Note on Patch Size Selection
When implementing a patch-based training, choosing the right patch size is critical for model performance. The patch dimensions are controlled by patch_shape_x
and patch_shape_y
in your configuration file. To determine optimal patch sizes: 1. Train a regression model on the full domain. 2. Compute the residuals x_res = x_data - regression_model(x_data)
on multiple samples, where x_data
are ground truth samples. 3. Calculate the auto-correlation function of your residuals using the provided utilities in `inference/power_spectra.py
<./inference/power_spectra.py>`__: - average_power_spectrum()
- power_spectra_to_acf()
4. Set patch dimensions to match or exceed the distance at which auto-correlation approaches zero. 5. This ensures each patch captures the full spatial correlation structure of your data.
This analysis helps balance computational efficiency with the preservation of local physical relationships in your data.
Generation configuration
After training both models successfully, you can use CorrDiff’s generation pipeline to create predictions.

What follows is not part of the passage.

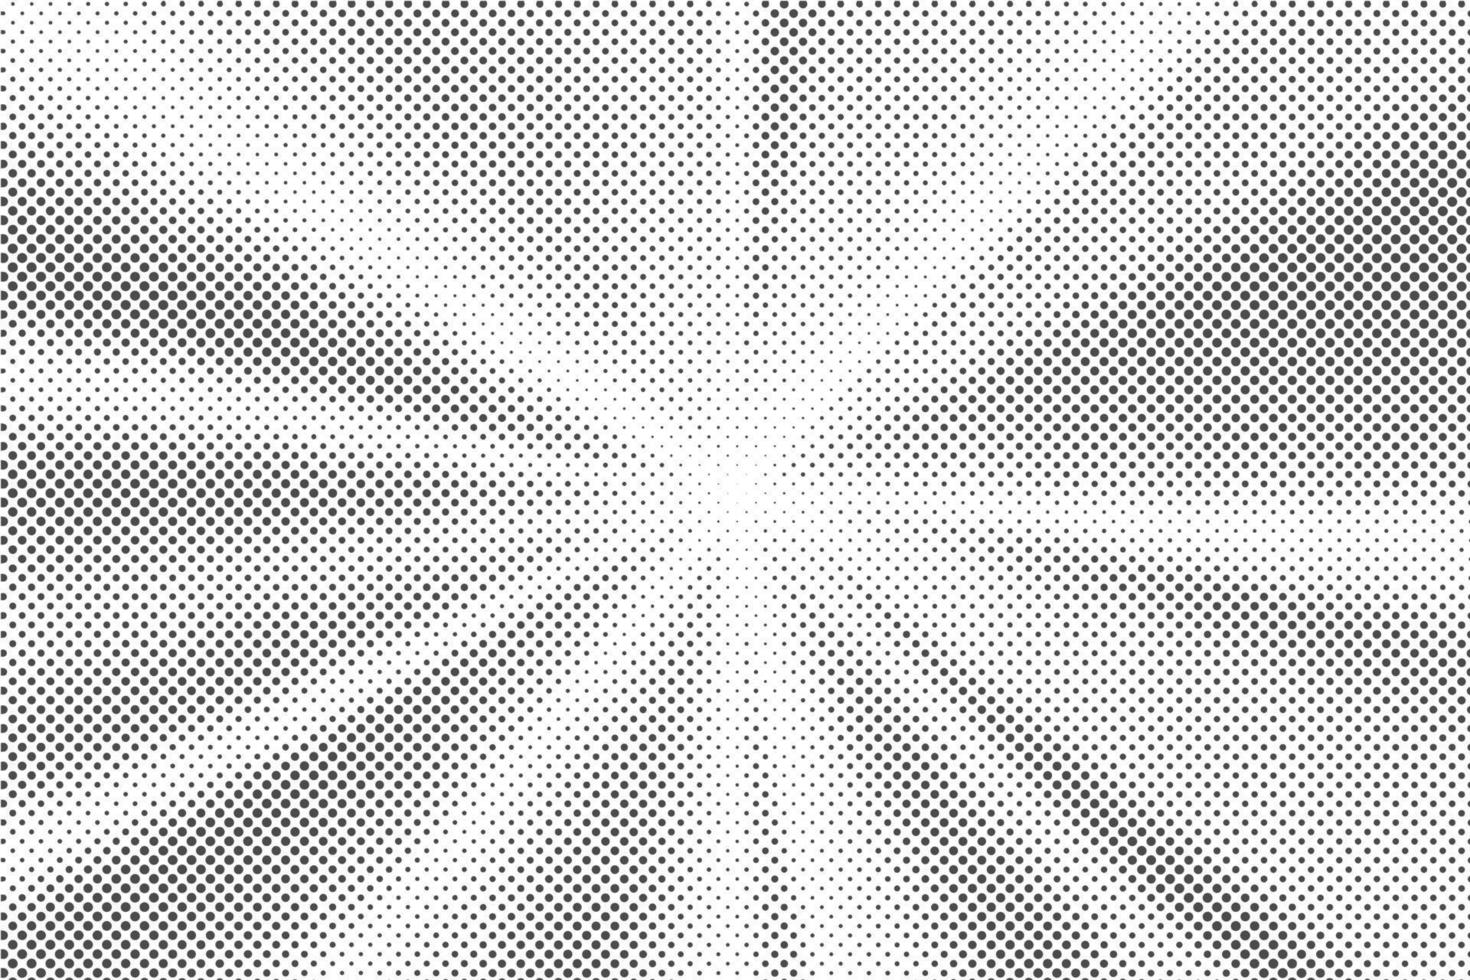 sonnenstrahlen halbtonhintergrund. weißes und graues radiales abstraktes komisches Muster. Vektor Explosion abstrakte Linien Hintergrund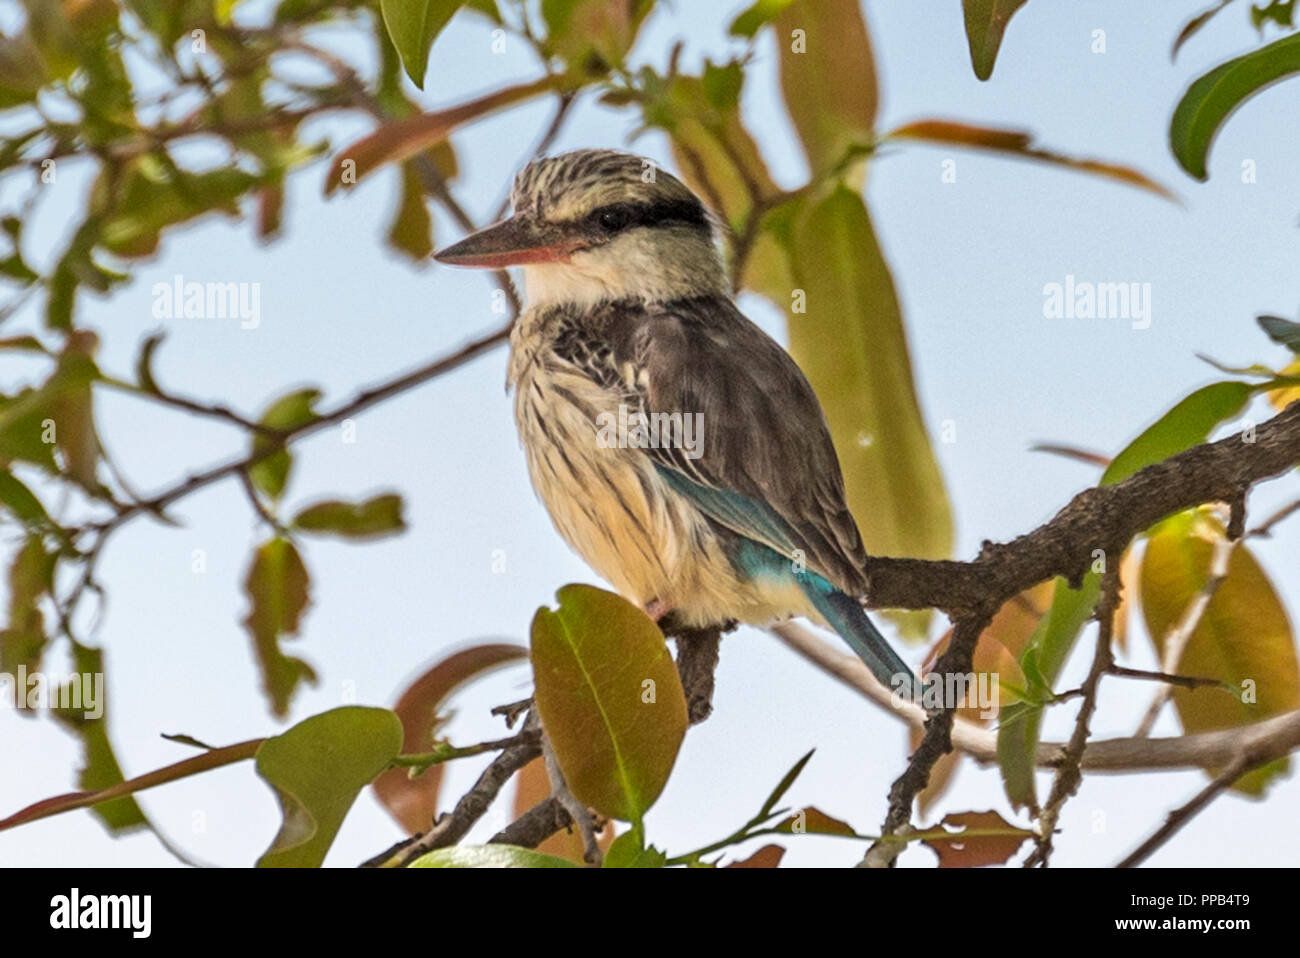 Gestreifte Kingfisher (Halcyon chelicuti) ist eine Pflanzenart aus der Unterfamilie der Baum Kingfisher, Tis Aby, Äthiopien Stockfoto

The generation system follows a similar hierarchical configuration structure as training.
Top-level Configuration (config_generate_custom.yaml
): This file
serves as the main interface for controlling the generation process. It
defines essential parameters that can be modified either directly or
through command-line overrides.
Fine-grained Control: The base configuration files in
conf/base/generation
provide fine-grained control over the
generation process. For example, sampling/stochastic.yaml
controls
the stochastic sampling process (noise scheduling, number of sampling
steps, classifier-free guidance settings). While these base
configurations are typically used as-is, you can override any parameter
directly in the configuration file or using Hydra’s ++
syntax. For
example to increase the number of ensembles generated per input, you can
run:
python generate.py --config-name=config_generate_custom.yaml \
++generation.io.res_ckpt_filename=/path/to/diffusion/checkpoint.mdlus \
++generation.io.reg_ckpt_filename=/path/to/regression/checkpoint.mdlus \
++dataset.type=path/to/your/dataset.py::CustomDataset \
++generation.num_ensembles=10
Key generation parameters that can be adjusted include for example:
generation.num_ensembles
: Number of samples to generate per inputgeneration.patch_shape_x/y
: Patch dimensions for patch-based generation
The generated samples are saved in a NetCDF file with three main components: - Input data: The original low-resolution inputs - Ground truth: The actual high-resolution data (if available) - Predictions: The model-generated high-resolution outputs
FAQs
-
Are there pre-trained checkpoints available and when should they be used for training/inference?
Pre-trained checkpoints are available through NVIDIA AI Enterprise. For example, a trained model for the continental United States on the GEFS-HRRR dataset is available here. However, note that these checkpoints are not necessarily compatible with the current implementation oftrain.py
andgenerate.py
in CorrDiff. Typically, these checkpoints should only be used for inference in Earth2Studio. It is therefore generally recommended to start training CorrDiff models from a scratch. If you do have a checkpoint compatible with the current implementation oftrain.py
andgenerate.py
(e.g. from one of your own previous training run), it is recommended to restart training from your checkpoint rather than from scratch if the following conditions are met:Your custom dataset covers a region included in the training data of the checkpoint (e.g., a sub-region of the continental United States for the checkpoint mentioned above).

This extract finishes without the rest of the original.